Slow queries are a major factor affecting the performance of a gbase database cluster. This article covers the complete workflow — from enabling slow query logging, locating problematic SQL, analyzing execution plans, to optimizing partitions and distribution keys — with a real‑world case study.
1. Enabling Slow Query Logging
Add the following parameters to gbase_8a_gcluster.cnf and restart the cluster:
gcluster_rpc_timeout = 10 # threshold in seconds
slow_query_log = 1
slow_query_log_file = /data/gbase/logs/slow_query.log
log_queries_not_using_indexes = 1
A threshold of 1–3 seconds is recommended based on your workload.
2. Locating Slow Queries
Inspecting the Log File
tail -n 100 /data/gbase/logs/slow_query.log
Each entry records execution time, lock time, rows scanned, and the SQL text.
Querying System Views
-- Currently executing queries
SELECT * FROM gclusterdb.processlist;
-- Historical slow queries
SELECT * FROM gclusterdb.query_history
WHERE execution_time > 3
ORDER BY start_time DESC LIMIT 20;
-- Per‑node query statistics
SELECT * FROM gclusterdb.gnode_query_stats;
3. Analyzing the Execution Plan
EXPLAIN FORMAT=JSON
SELECT a.*, b.name
FROM order_detail a
JOIN orders b ON a.order_id = b.id
WHERE b.create_time > '2026-01-01';
Focus on type (avoid ALL full table scans), key (index usage), rows (estimated rows scanned), and Extra (watch for Using filesort or Using temporary).
Common issues and fixes:
- Full table scan: Avoid wrapping indexed columns in functions.
-- Inefficient: YEAR() disables the index
SELECT * FROM orders WHERE YEAR(create_time) = 2026;
-- Optimized: range condition
SELECT * FROM orders WHERE create_time >= '2026-01-01' AND create_time < '2027-01-01';
- Cartesian product: Always provide explicit JOIN conditions.
- Large table JOINs: Use hints to control the driving table.

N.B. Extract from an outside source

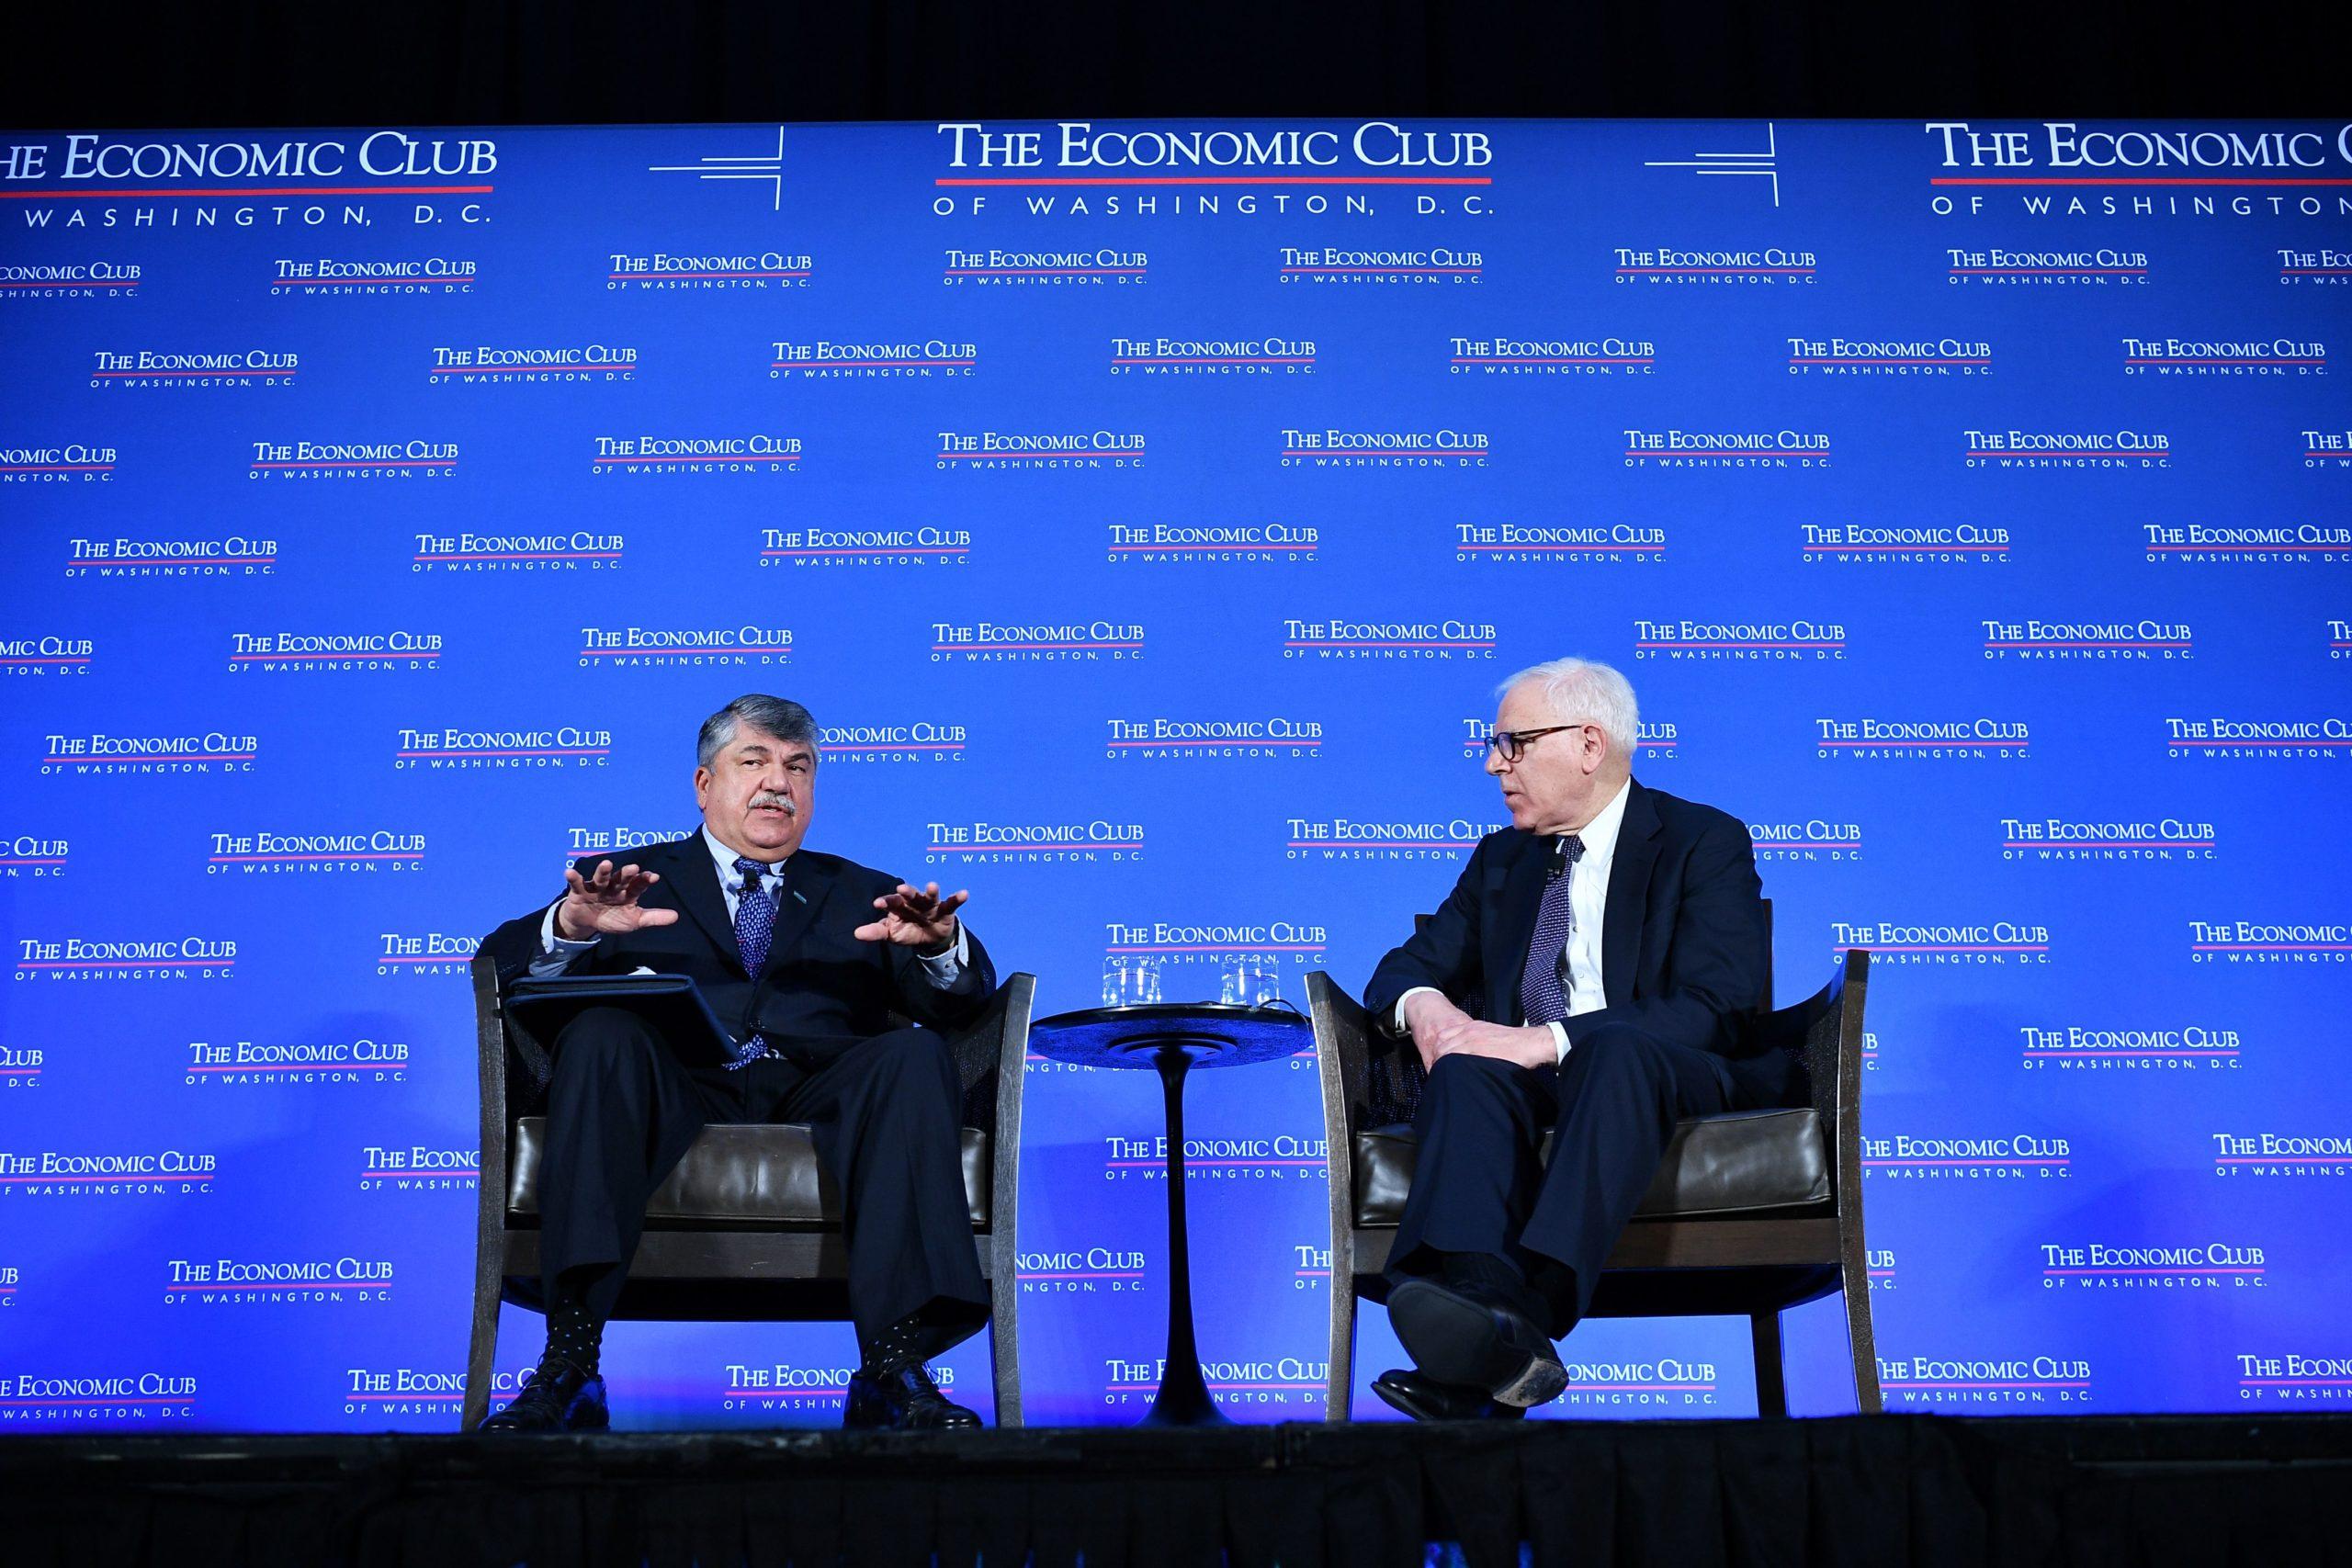 AFL-CIO President Richard Trumka speaks with The Economic Club of Washington President David Rubenstein in April 2019. (Mandel Ngan/AFP via Getty Images)

SELECT /*+ LEADING(a b) */ a.*, b.*
FROM orders a INNER JOIN order_detail b ON a.id = b.order_id;
4. Partition and Distribution Key Optimization
Range Partitioning Example
CREATE TABLE orders (
id BIGINT PRIMARY KEY,
create_time DATETIME,
status INT,
amount DECIMAL(10,2)
)
PARTITION BY RANGE (YEAR(create_time)) (
PARTITION p2024 VALUES LESS THAN (2025),
PARTITION p2025 VALUES LESS THAN (2026),
PARTITION p2026 VALUES LESS THAN (2027),
PARTITION pmax VALUES LESS THAN MAXVALUE
);
Queries that filter by year will scan only the corresponding partition.
Distribution Key Selection
Choose a high‑cardinality column that is frequently used in JOINs. Avoid low‑cardinality columns that cause data skew.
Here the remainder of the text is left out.